### Problem to solve:
In the records below, the lines between the one holding "10月号】Cover Story みどりに包まれる、癒しの秋。" and the one holding "خلفيات وصور بحار احلي صور عن البحر hd (2)", inclusive, are to be transcribed exactly; no pictures are to be included.

### Extracted entries:
----

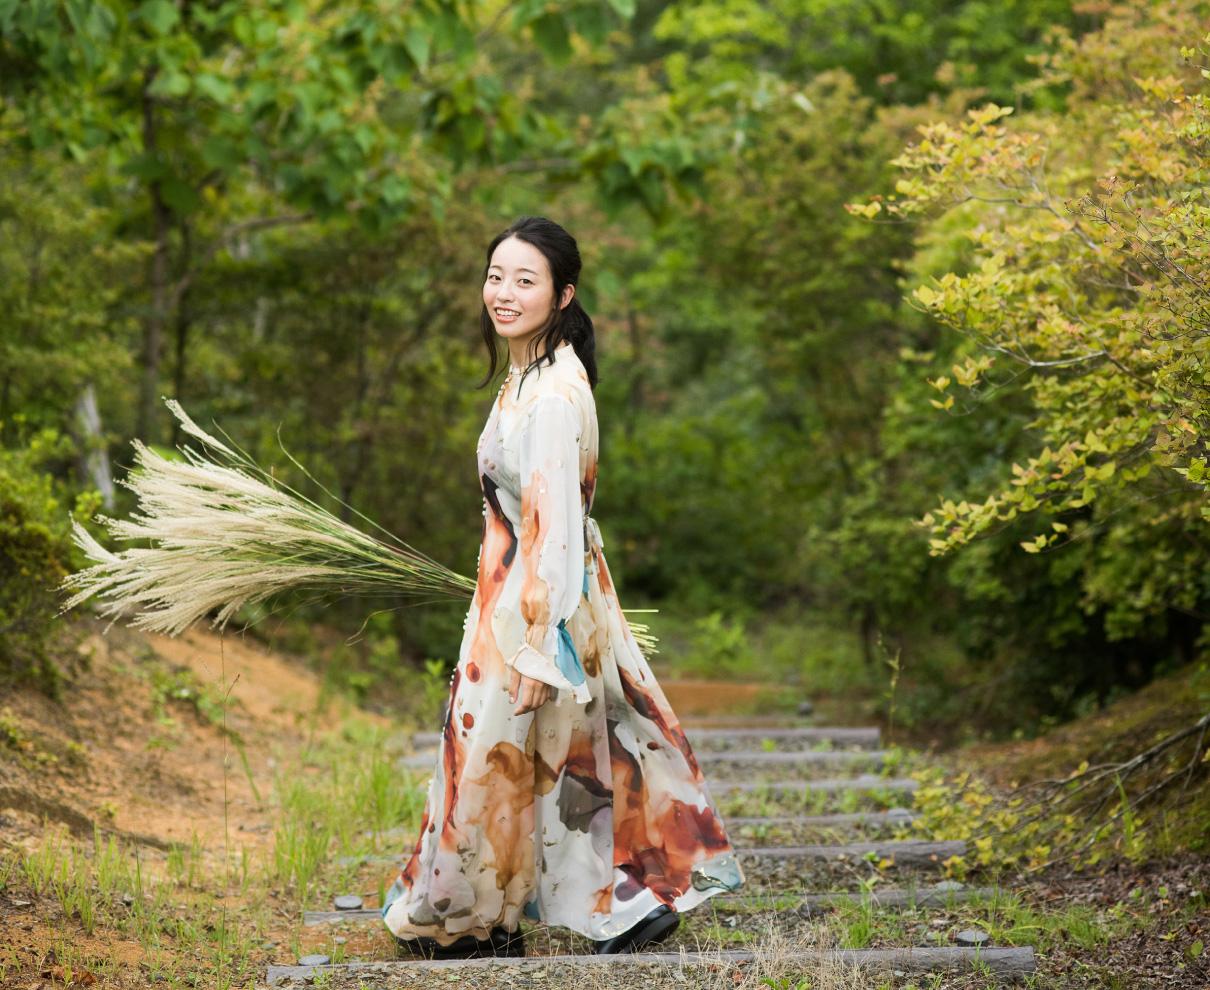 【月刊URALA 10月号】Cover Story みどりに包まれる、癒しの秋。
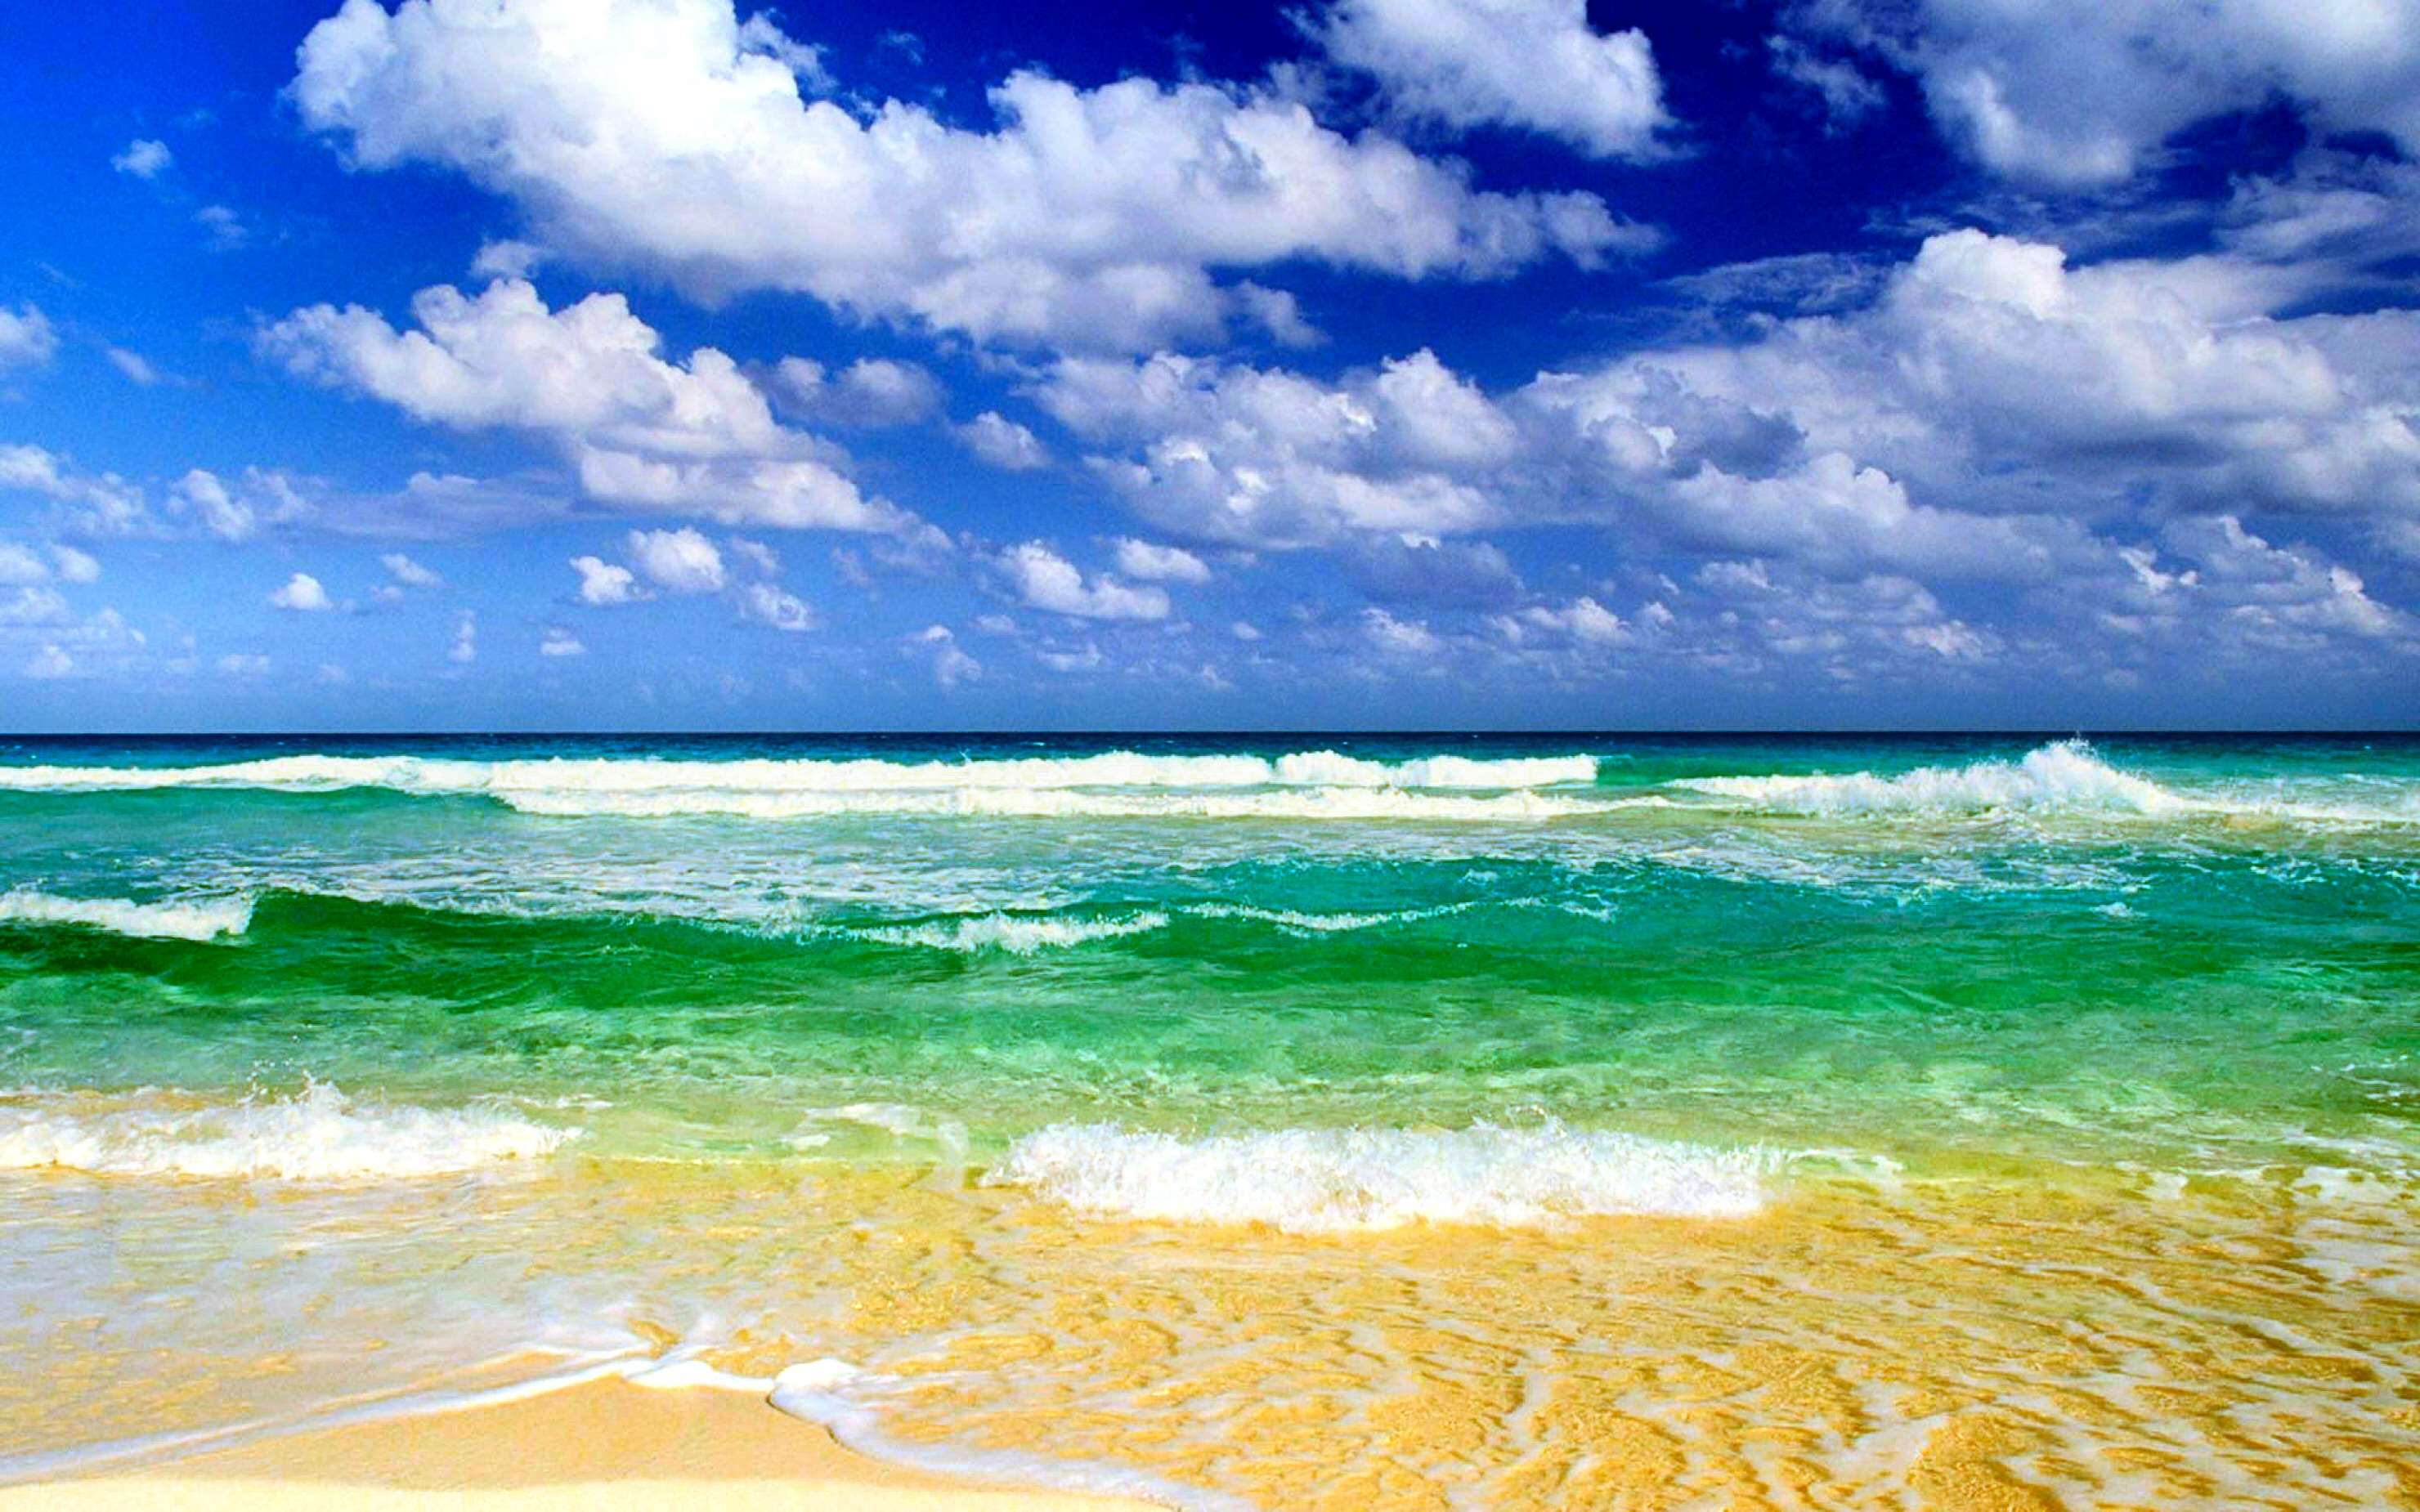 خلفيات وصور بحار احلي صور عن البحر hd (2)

----

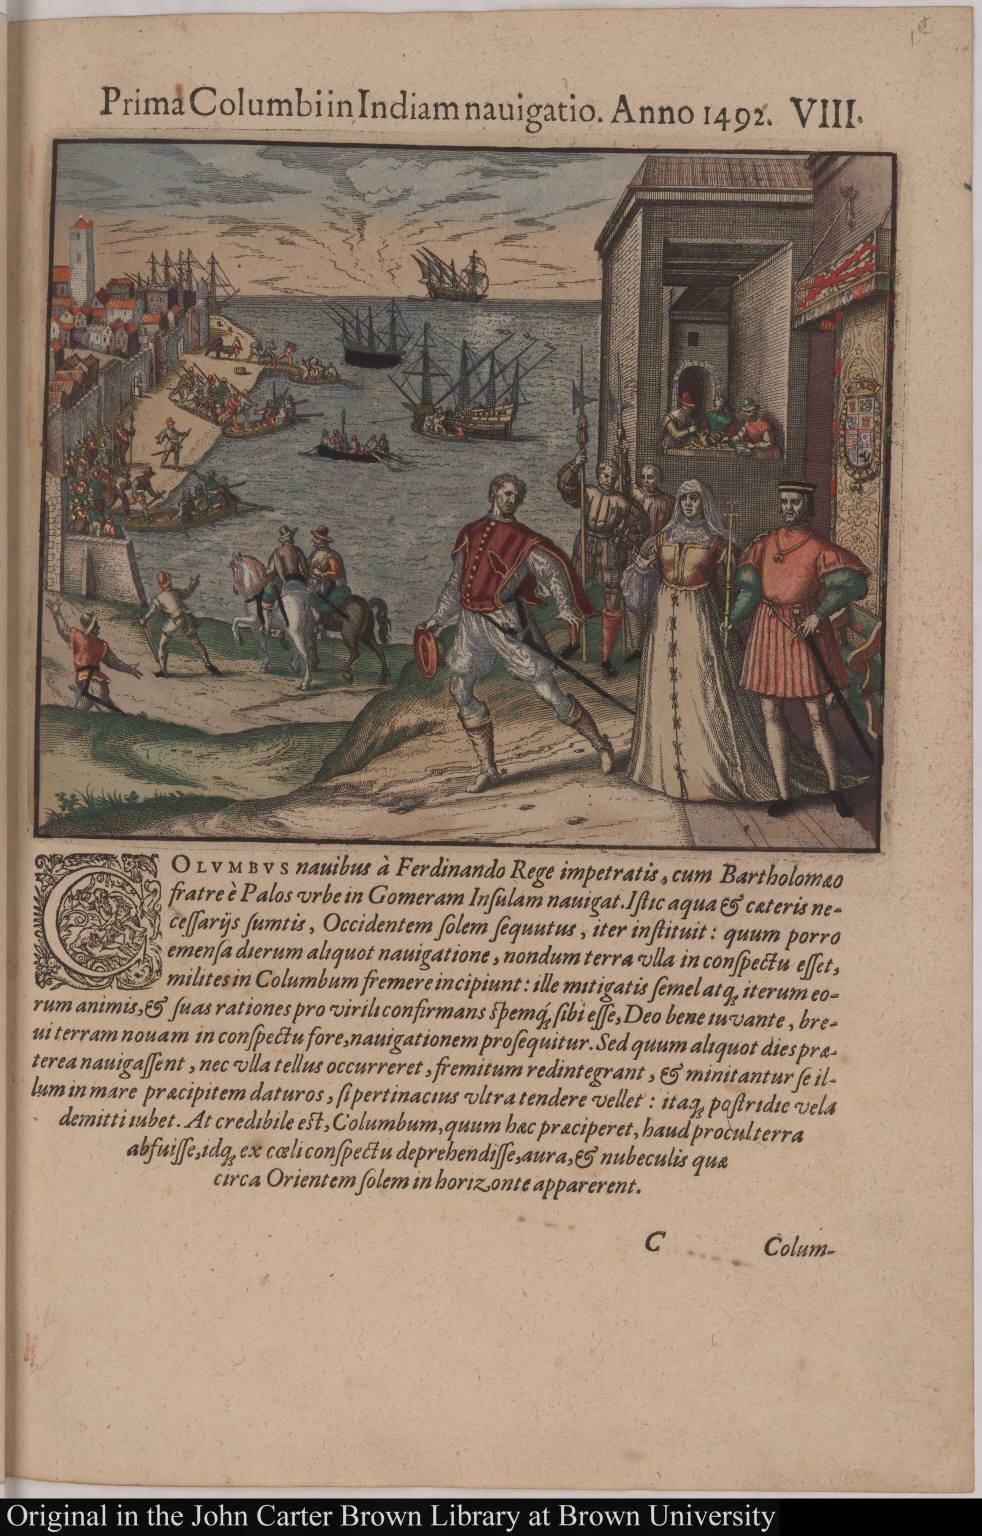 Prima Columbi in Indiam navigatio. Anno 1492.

----

### Exercise output:
 【月刊URALA 10月号】Cover Story みどりに包まれる、癒しの秋。
 خلفيات وصور بحار احلي صور عن البحر hd (2)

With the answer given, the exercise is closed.